Samba-3 implements a new capability to work concurrently with multiple account backends. The possible new combinations of password backends allows Samba-3 a degree of flexibility and scalability that previously could be achieved only with MS Windows Active Directory (ADS). This chapter describes the new functionality and how to get the most out of it.

The three passdb backends that are fully maintained (actively supported) by the Samba Team are: smbpasswd (being obsoleted), tdbsam (a tdb-based binary file format), and ldapsam (LDAP directory).
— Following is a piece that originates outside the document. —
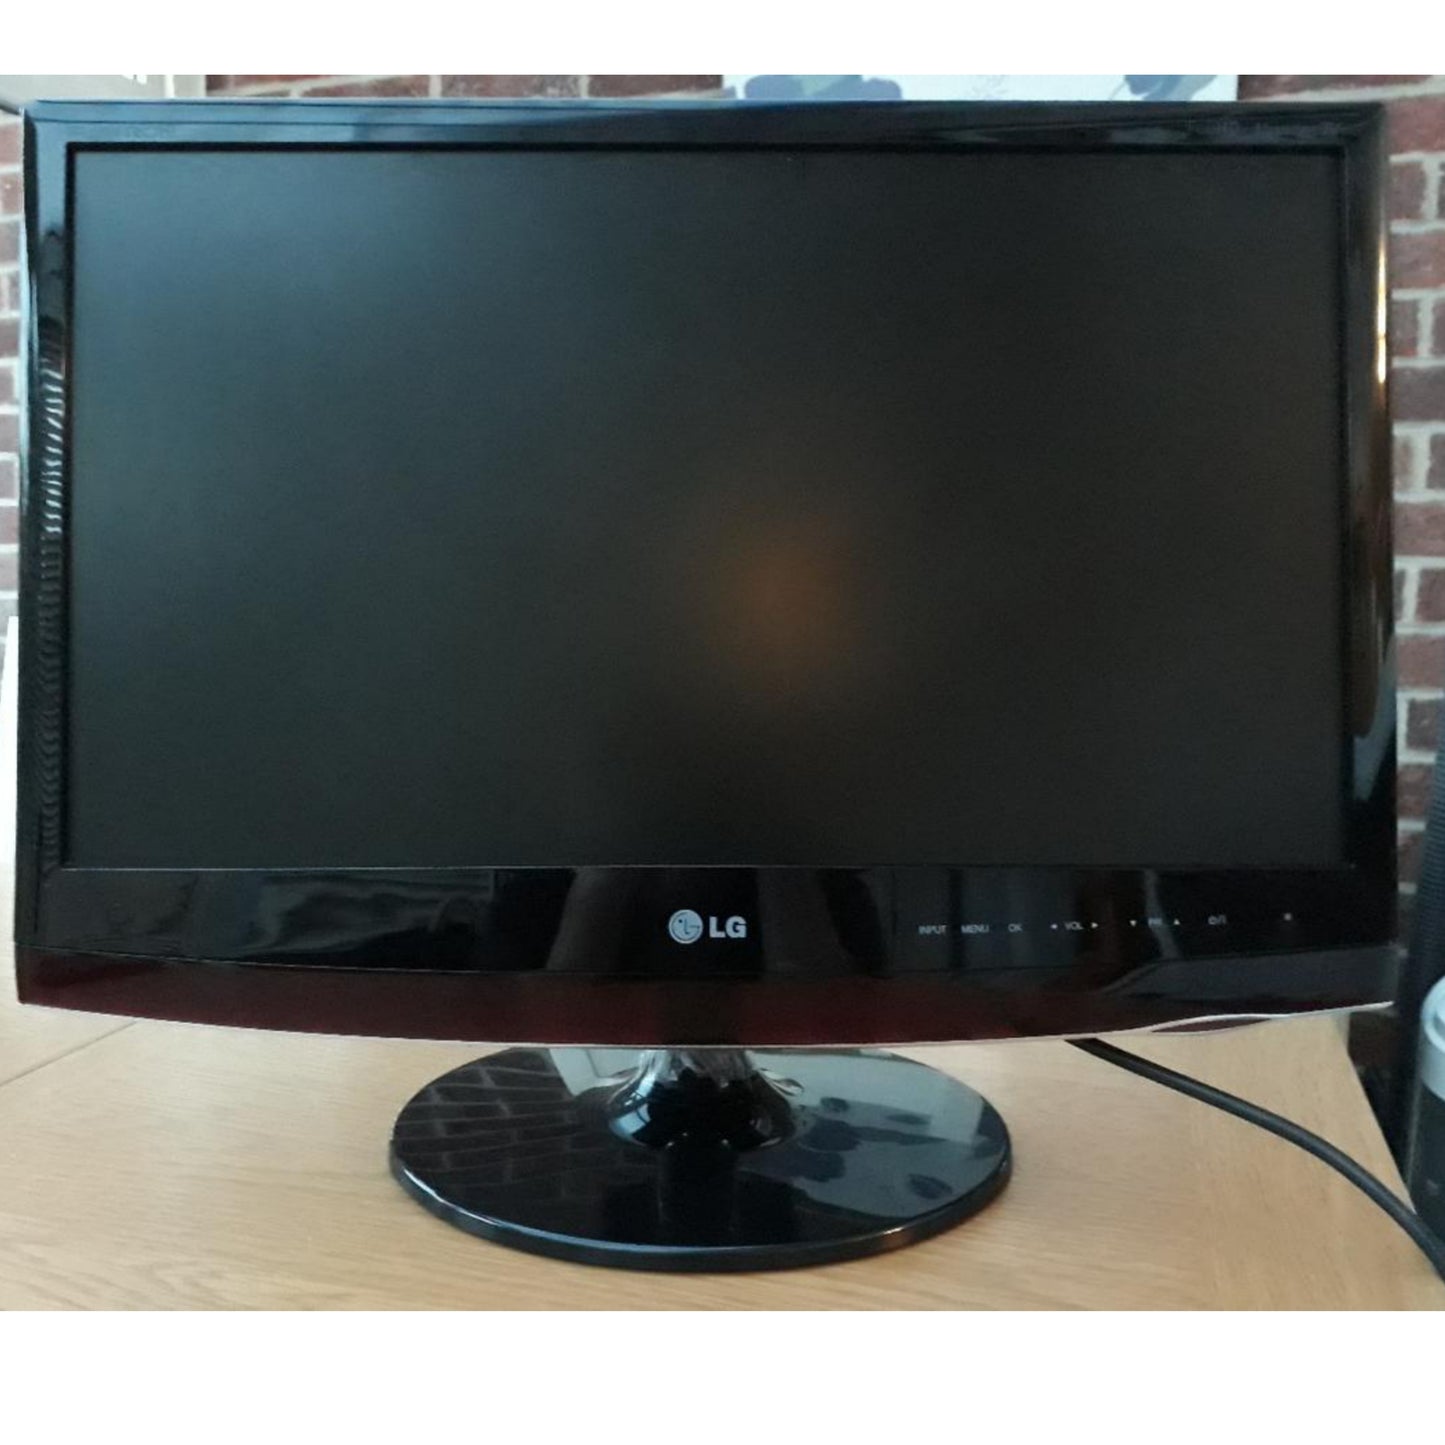 LG 22 Inch M2262DP Full HD LCD TV - Closer view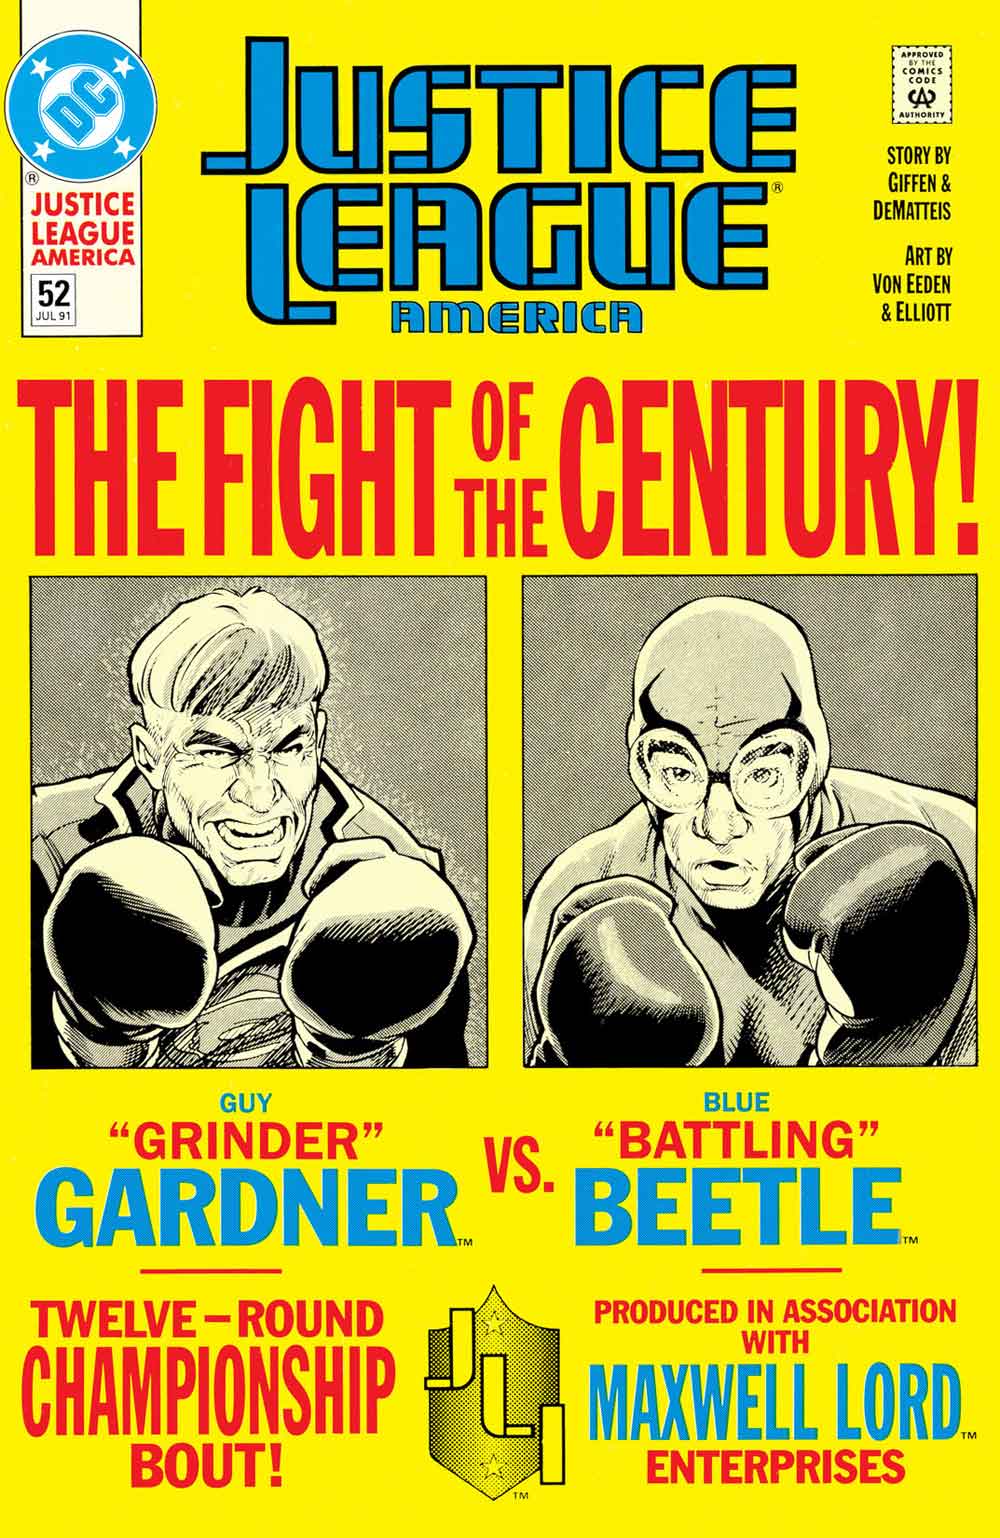 Justice League America #52 cover by Adam Hughes & Joe Rubinstein

Of these, only the ldapsam backend stores both POSIX (UNIX) and Samba user and group account information in a single repository. The smbpasswd and tdbsam backends store only Samba user accounts.

In a strict sense, there are three supported account storage and access systems. One of these is considered obsolete (smbpasswd). It is recommended to use the tdbsam method for all simple systems. Use ldapsam for larger and more complex networks.

In a strict and literal sense, the passdb backends are account storage mechanisms (or methods) alone. The choice of terminology can be misleading, however we are stuck with this choice of wording. This chapter documents the nature of the account storage system with a focus on user and trust accounts. Trust accounts have two forms, machine trust accounts (computer accounts) and interdomain trust accounts. These are all treated as user-like entities.